A press statement from the mission pointed a finger at US efforts to exert "overt pressure" and have the world's nations implement UN sanctions.

First, it said, the US and 23 other countries sent a letter to the UN Security Council committee monitoring sanctions on North Korea demanding urgent action "under the absurd pretext of 'excess in the amount of refined petroleum imported.'"

The United States and the other countries accused the Democratic People's Republic of North Korea, or DPRK, of violating UN sanctions by importing far more than the annual limit of 500,000 barrels of refined petroleum products, which are key for its economy. But last month Russia and China blocked the sanctions committee from declaring that Pyongyang breached the annual import limit.

North Korea's UN Mission said the United States, Britain, France and Germany then circulated a joint letter to all UN member states on June 29 "calling for repatriation of the DPRK workers abroad, thus inciting an atmosphere of sanctions and pressure against the DPRK."

It added that not only does this speak "to the reality that the United States is practically more and more hell-bent on the hostile acts against the DPRK, though talking about the DPRK-US dialogue," but the letter was sent by the US Mission "under the instruction of the State Department, on the very same day when President [Donald] Trump proposed for the summit meeting."
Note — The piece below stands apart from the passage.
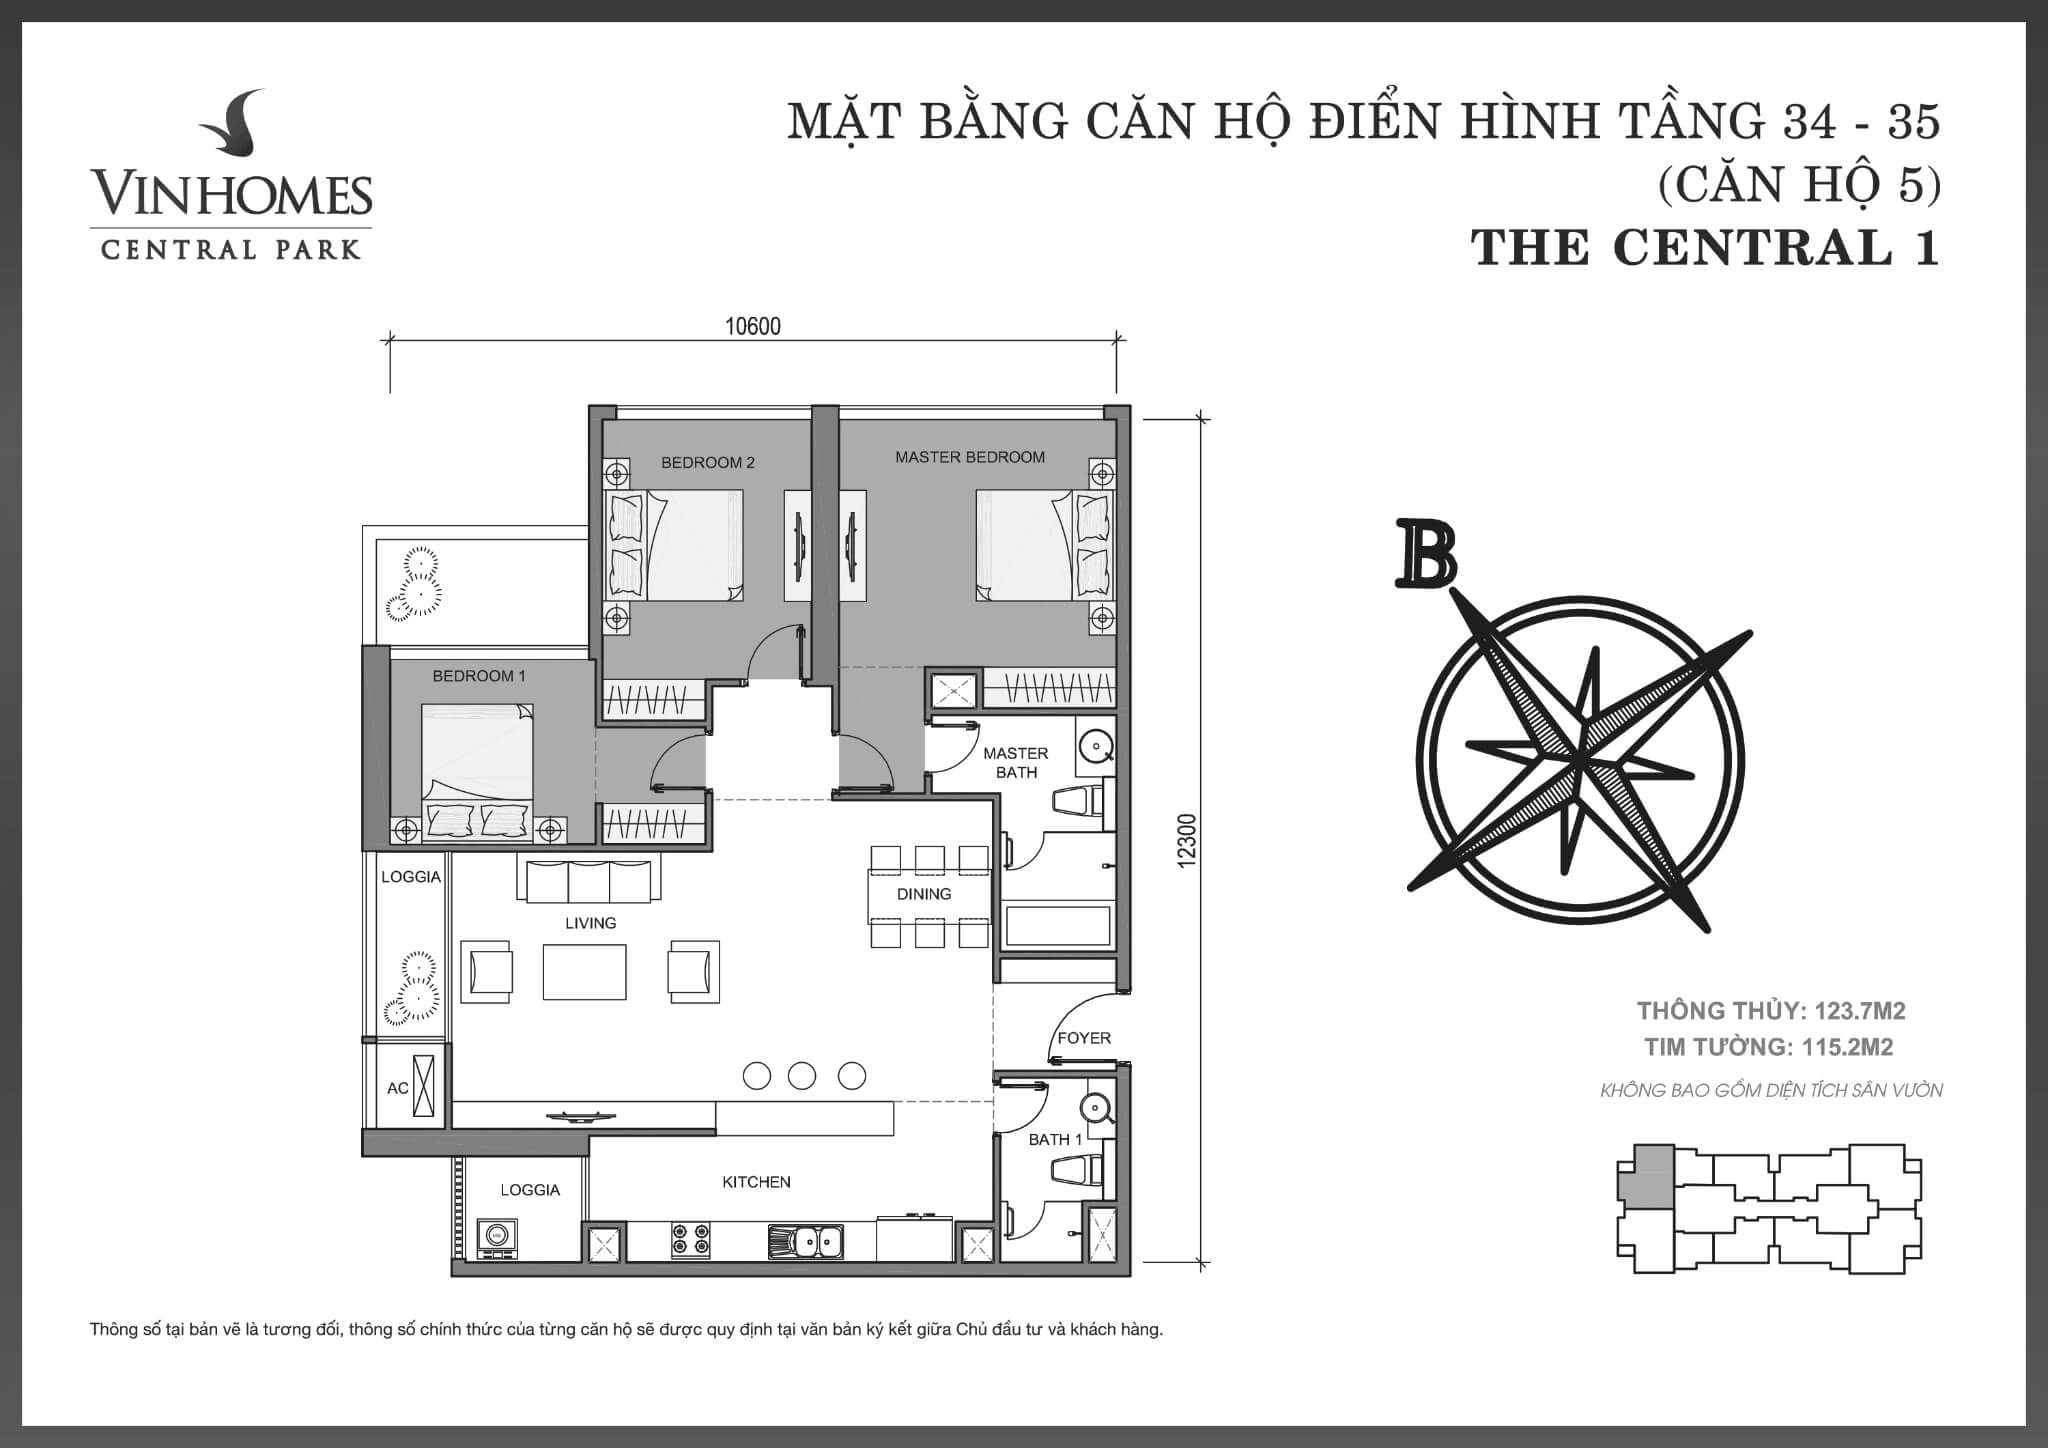 layout căn hộ số 5 tầng 34-35 Central 1

That day, Mr Trump issued an unprecedented invitation to meet with North Korean leader Kim Jong Un at the Demilitarised Zone between the two Koreas. Mr Kim accepted and at their Sunday meeting, Mr Trump became the first sitting US president to set foot in North Korea when he crossed the demarcation line.

Messrs Trump and Kim agreed at the meeting to restart negotiations designed to denuclearise the Korean peninsula. North Korea's state media described their meeting as "an amazing event."
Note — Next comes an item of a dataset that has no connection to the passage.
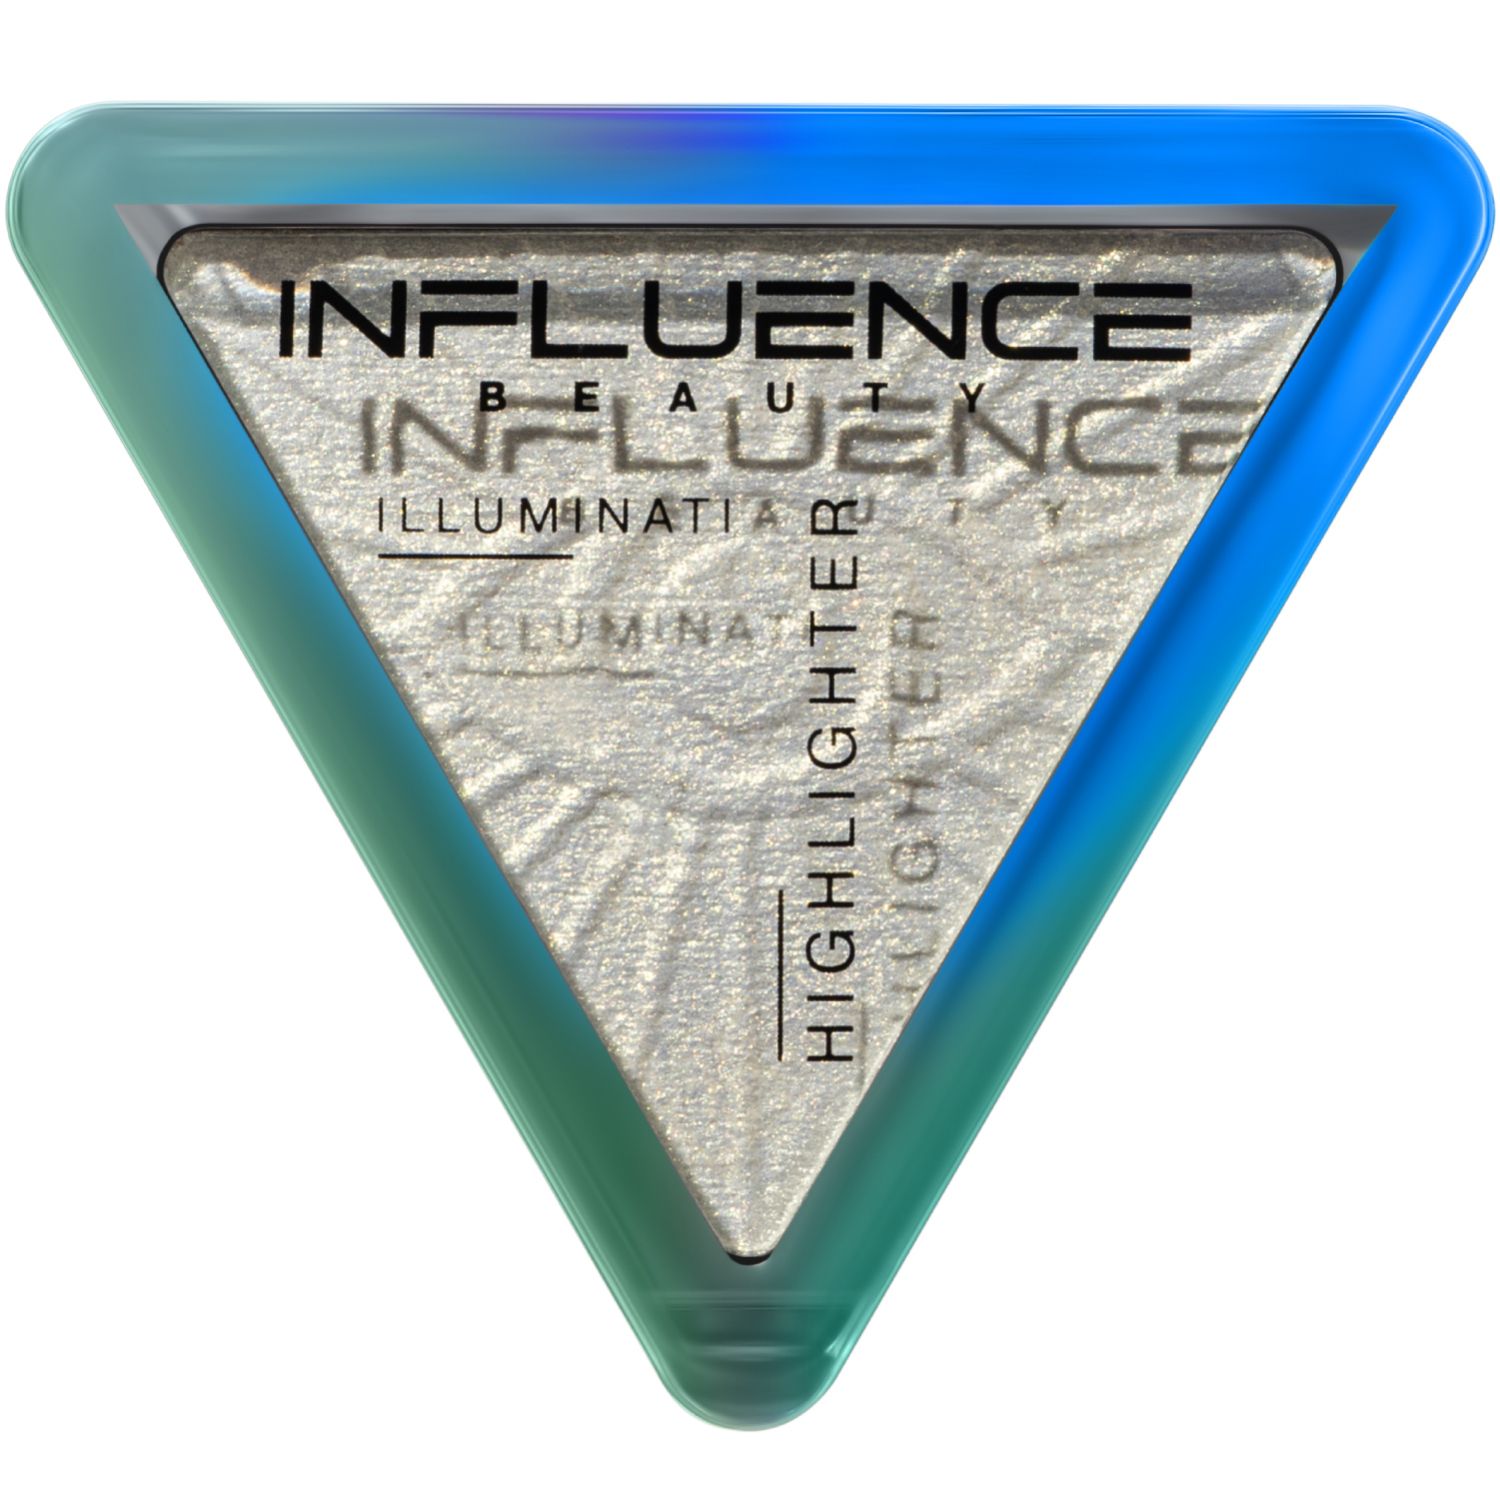 Хайлайтер Influence Beauty Illuminati с эффектом влажного сияния, тон 03 голубой, 6,5 г хайлайтер influence beauty illuminati с эффектом влажного сияния тон 02 розовый 6 5 г

But there was nothing positive in Wednesday's statement from North Korea's UN Mission, which made no mention of nuclear talks, focusing instead on sanctions.

The UN Security Council imposed increasingly tough sanctions on North Korea in response to its nuclear bomb and ballistic missile tests. The sanctions are designed to cut off all North Korean exports, 90 per cent of its trade, and disband its pool of workers send abroad to earn hard currency.

Despite the summits between Messrs Trump and Kim in Singapore and Hanoi, the United States has kept up pressure on countries to implement the sanctions — and on North Korea to abide by them.

"It is quite ridiculous for the United States to continue to behave obsessed with sanctions and pressure campaign against the DPRK, considering sanctions as a panacea for all problems," North Korea's mission said. "As we stated on several occasions, we do not thirst for lifting of sanctions."

The North Korean Mission also had a message for the other 192 UN member nations.

"All UN member states will have to keep vigilance against deliberate attempts by the United States to undermine the peaceful atmosphere that has been created on the Korean peninsula in no easy way," the mission said.